■ SUPPLIED DATA:

/---

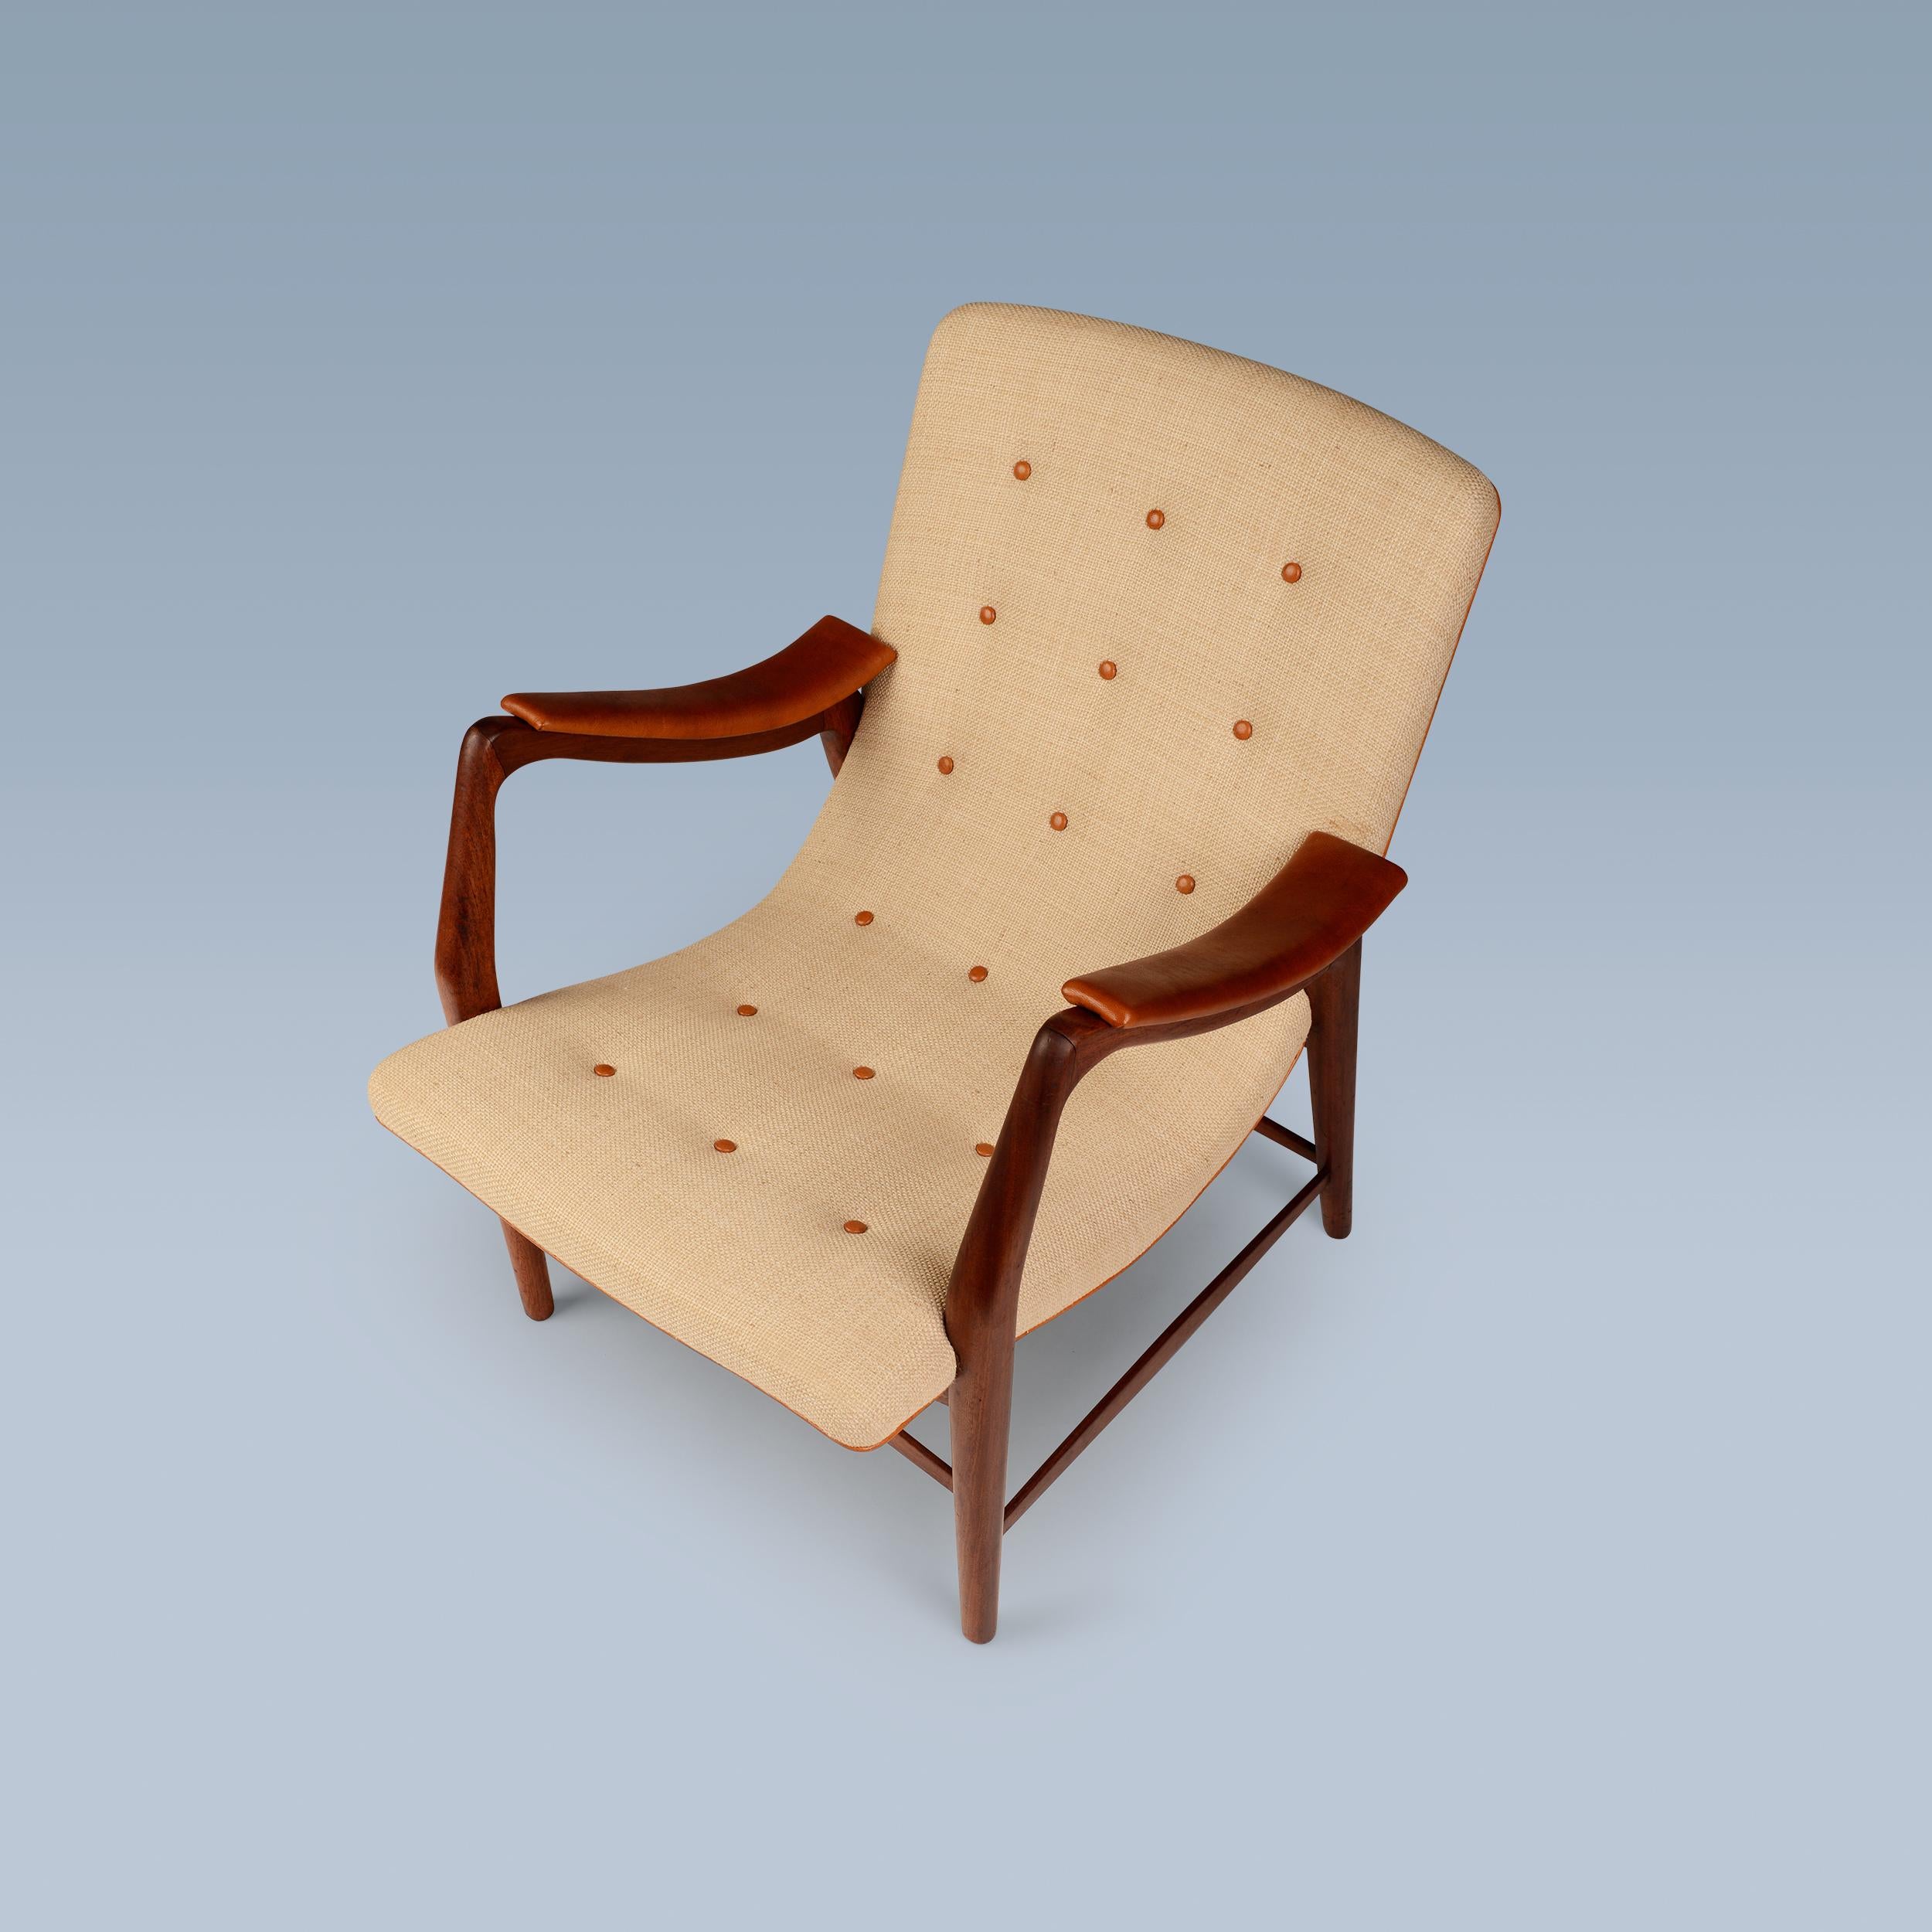 Dieser seltene Sessel aus Teakholz hat eine geschwungene Sitzfläche und die Rückenlehne ist mit hellem Stoff gepolstert. Die Armlehnen, die Keder und die Knöpfe auf der Rückseite sind mit Nigerleder ausgestattet.

Der Stuhl wurde Anfang 1947 von
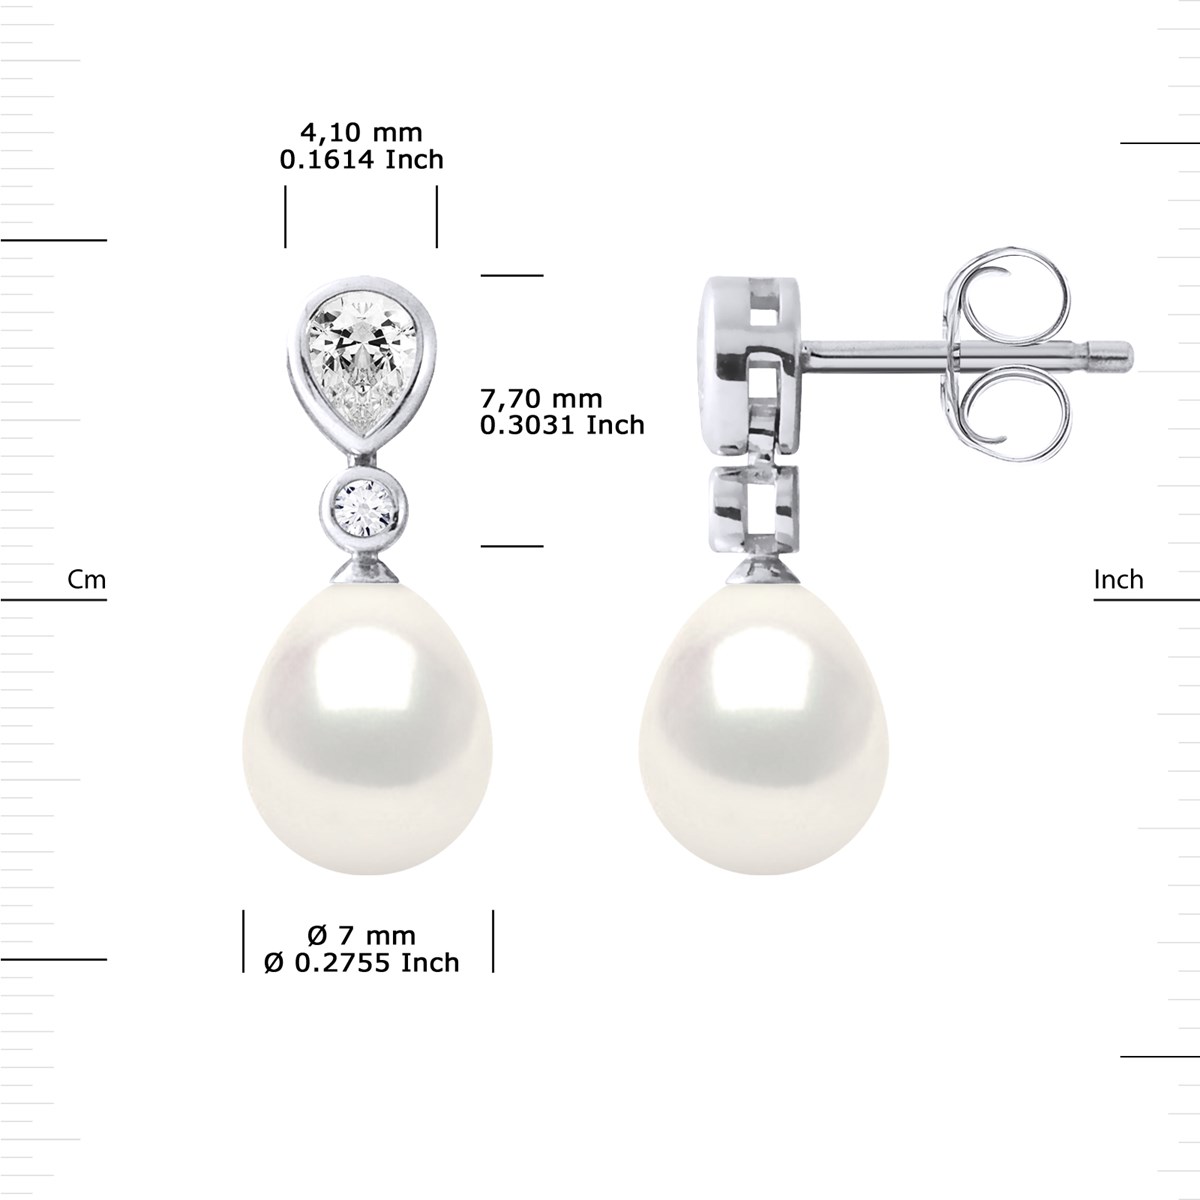 Pendants d'Oreilles Joaillerie Perles d'Eau Douce Poires 7-8 mm Blanches Argent 925 - vue 3
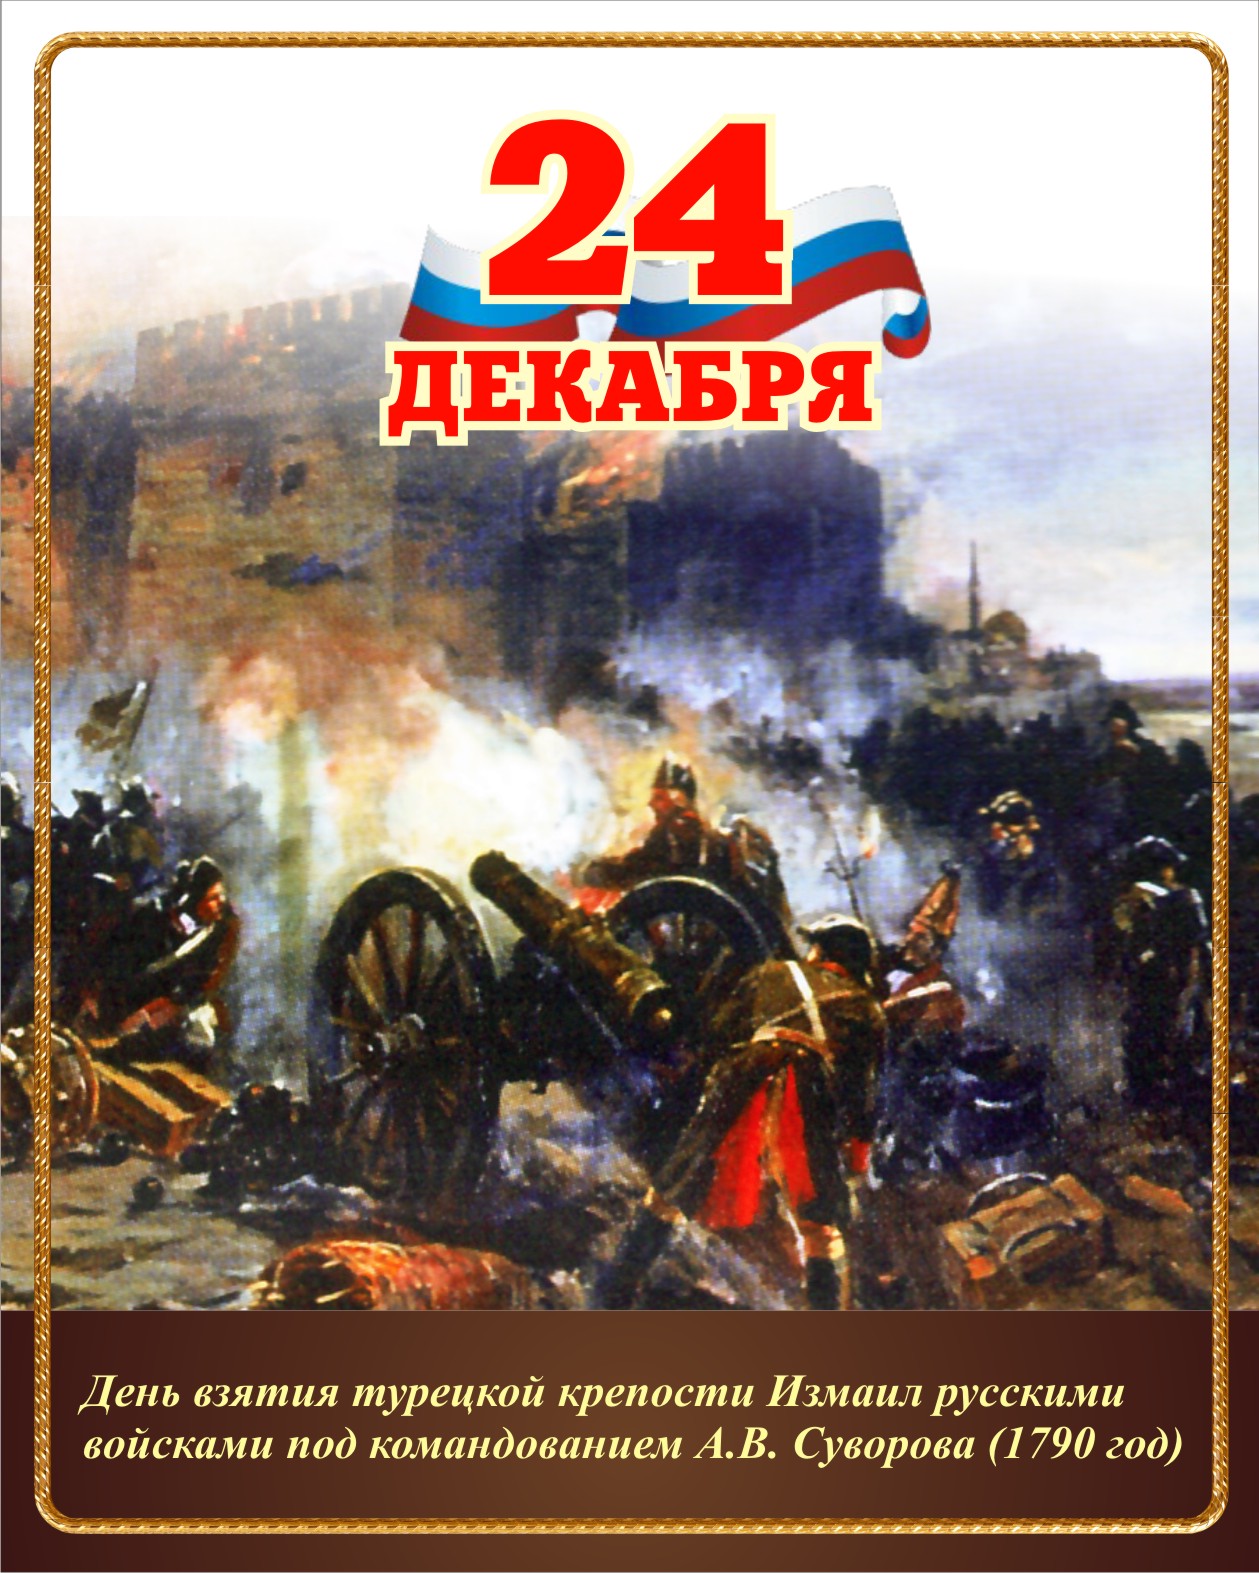 День воинской славы россии декабрь

\---

■ WHAT YOU WILL DO:
In the copy, include exactly the lines from the one with "Pendants d'Oreilles Joaillerie" through the final line of the data, both ends included, and no pictures.

■ ANSWER:
 Pendants d'Oreilles Joaillerie Perles d'Eau Douce Poires 7-8 mm Blanches Argent 925 - vue 3
 День воинской славы россии декабрь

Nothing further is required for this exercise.